Add processors to your configuration using the builder’s add_processor method:

1import data_designer.config as dd
2
3builder = dd.DataDesignerConfigBuilder()
4
5# ... add columns ...
6
7# Drop intermediate columns
8builder.add_processor(
9 dd.DropColumnsProcessorConfig(
10 name="cleanup",
11 column_names=["scratch_work", "raw_context"],
12 )
13)
14
15# Transform to chat format
16builder.add_processor(
17 dd.SchemaTransformProcessorConfig(
18 name="chat_format",
19 template={
20 "messages": [
21 {"role": "user", "content": "{{ question }}"},
22 {"role": "assistant", "content": "{{ answer }}"},
23 ],
24 },
25 )
26)

Execution Order

Processors execute in the order they’re added.
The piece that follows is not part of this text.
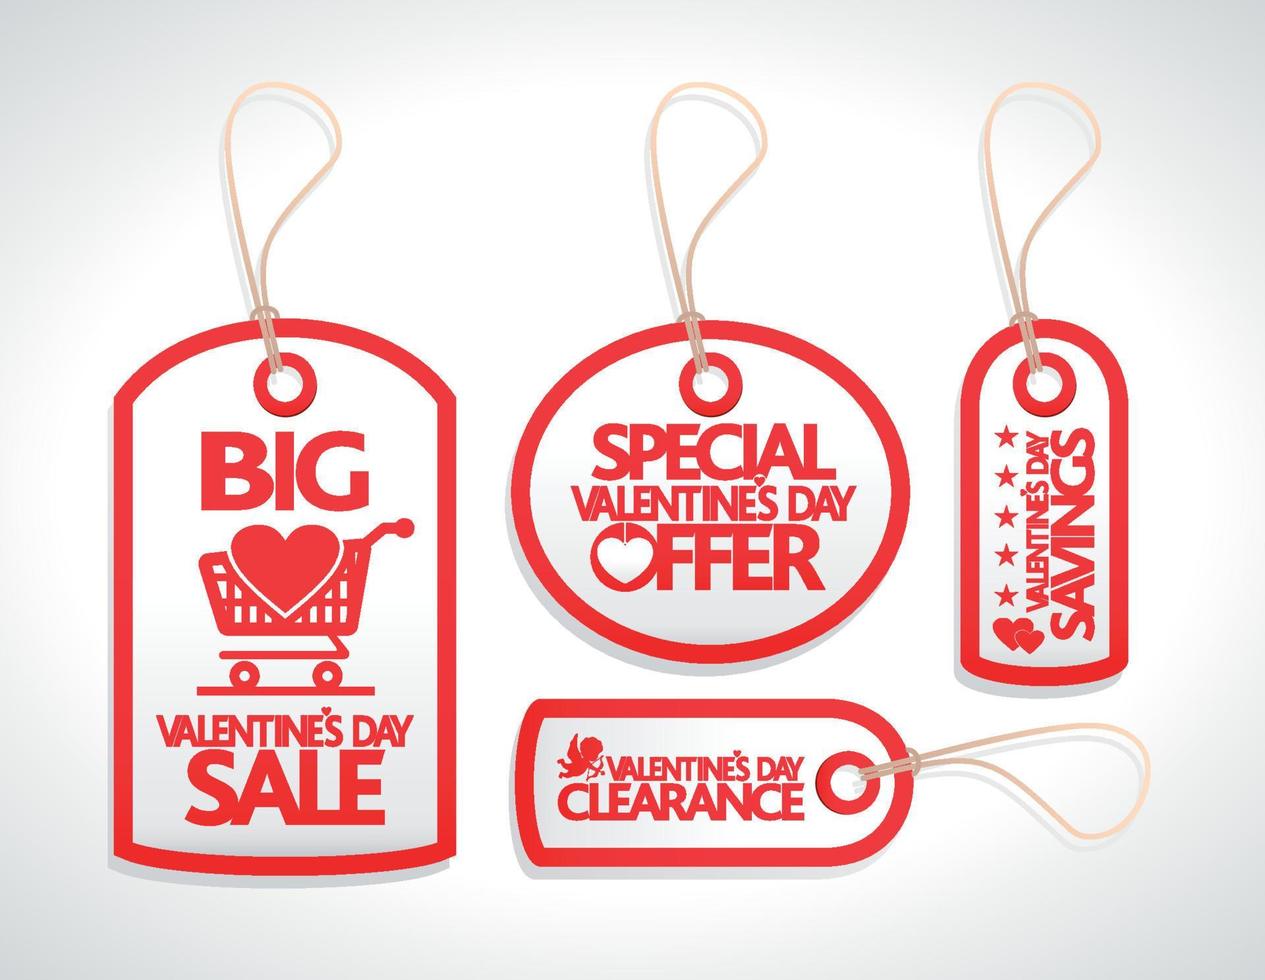 Valentines day sale red, white tags set with red text. Vector illustration

Plan accordingly when one processor’s output affects another.

Processor Plugins

You can extend Data Designer with custom processors via the plugin system. A processor plugin is a Python package that provides:

  • A config class inheriting from ProcessorConfig with a processor_type: Literal["your-type"] discriminator
  • An implementation class inheriting from Processor that overrides the desired callback methods
  • A Plugin instance connecting the two

Once installed, plugin processors are automatically discovered and can be used with add_processor() like built-in processors.

1from my_processor_plugin.config import MyProcessorConfig
2
3builder.add_processor(
4 MyProcessorConfig(
5 name="my_processor",
6 # ... plugin-specific parameters ...
7 )
8)

Entry point configuration in pyproject.toml:

1[project.entry-points."data_designer.plugins"]
2my-processor = "my_plugin.plugin:my_processor_plugin"

See the plugins overview for the full guide on creating plugins.

Configuration Parameters

Common Parameters

ParameterTypeDescription
namestrIdentifier for the processor, used in output directory names

DropColumnsProcessorConfig

ParameterTypeDescription
column_nameslist[str]Columns to remove from output

SchemaTransformProcessorConfig

ParameterTypeDescription
templatedict[str, Any]Jinja2 template defining the output schema. Must be JSON-serializable.